If you want Epsilon to go into that mode automatically when you find a file with the extension .rev (as it goes into C mode with .c files, for instance), define a function named suffix_rev() which calls reverse_mode(). The EEL subroutine find_it( ) defined in files.e automatically calls a function named suffix_ext (where ext is the file's extension) whenever you find a file, if a function with that name exists. It tries to call the suffix_none( ) function if the file has no suffix. If it can't find a function with the correct suffix, it will try to call the suffix_default( ) function instead.

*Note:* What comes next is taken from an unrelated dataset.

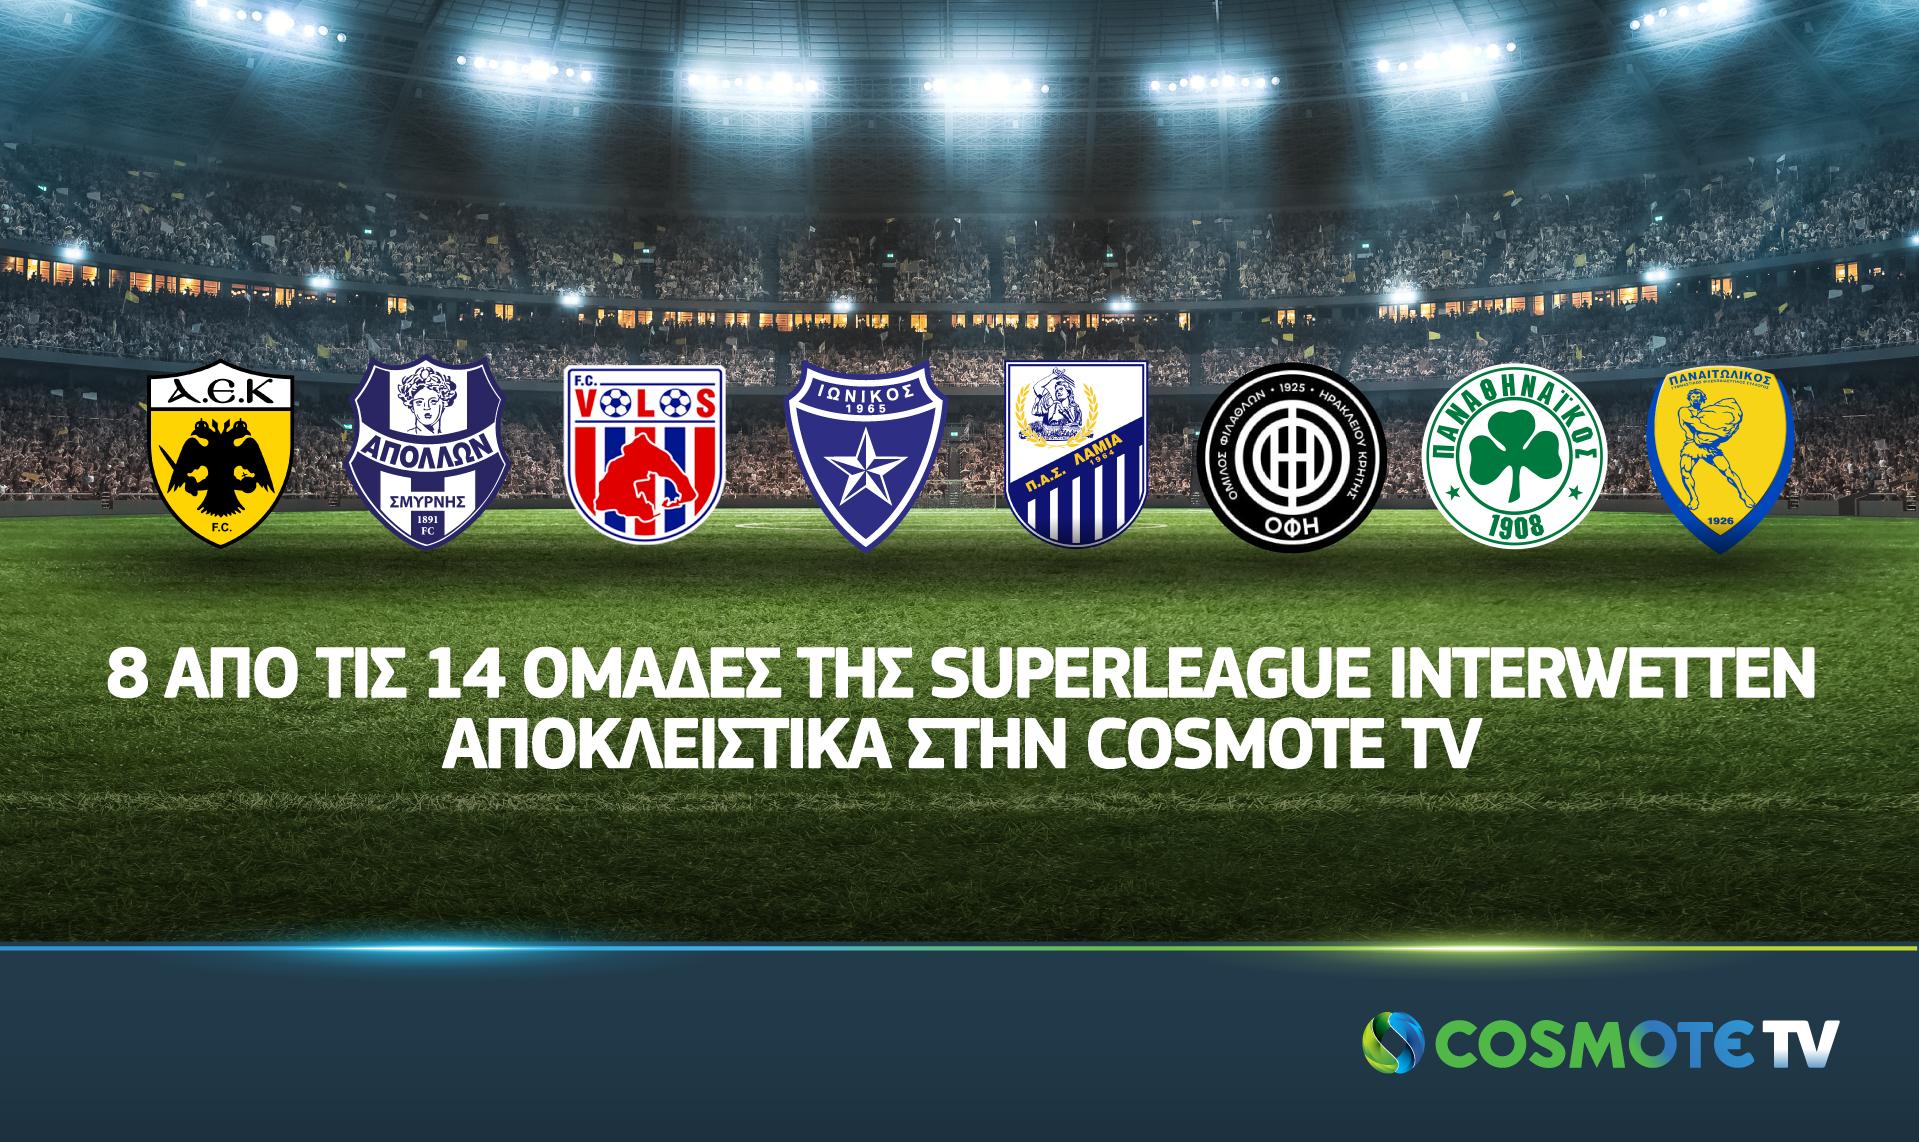 COSMOTETV Superleague Interwetten Exclusives

suffix_rev() { reverse_mode(); }
The source file samplemode.e defines a sample mode you can use as a template for your modes. Make a copy of the file, replace all references to "sample" with the name of your mode, and modify it as needed for your language's syntax.

Language modes may wish to define a compilation command. This tells the compile-buffer command on Alt-F3 how to compile the current buffer. For example, compile_asm_cmd is defined as ml "%r". (Note that " characters must be quoted with \ in strings.) Use one of the % sequences shown in File Name Templates in the command to indicate where the file name goes, typically %f or %r.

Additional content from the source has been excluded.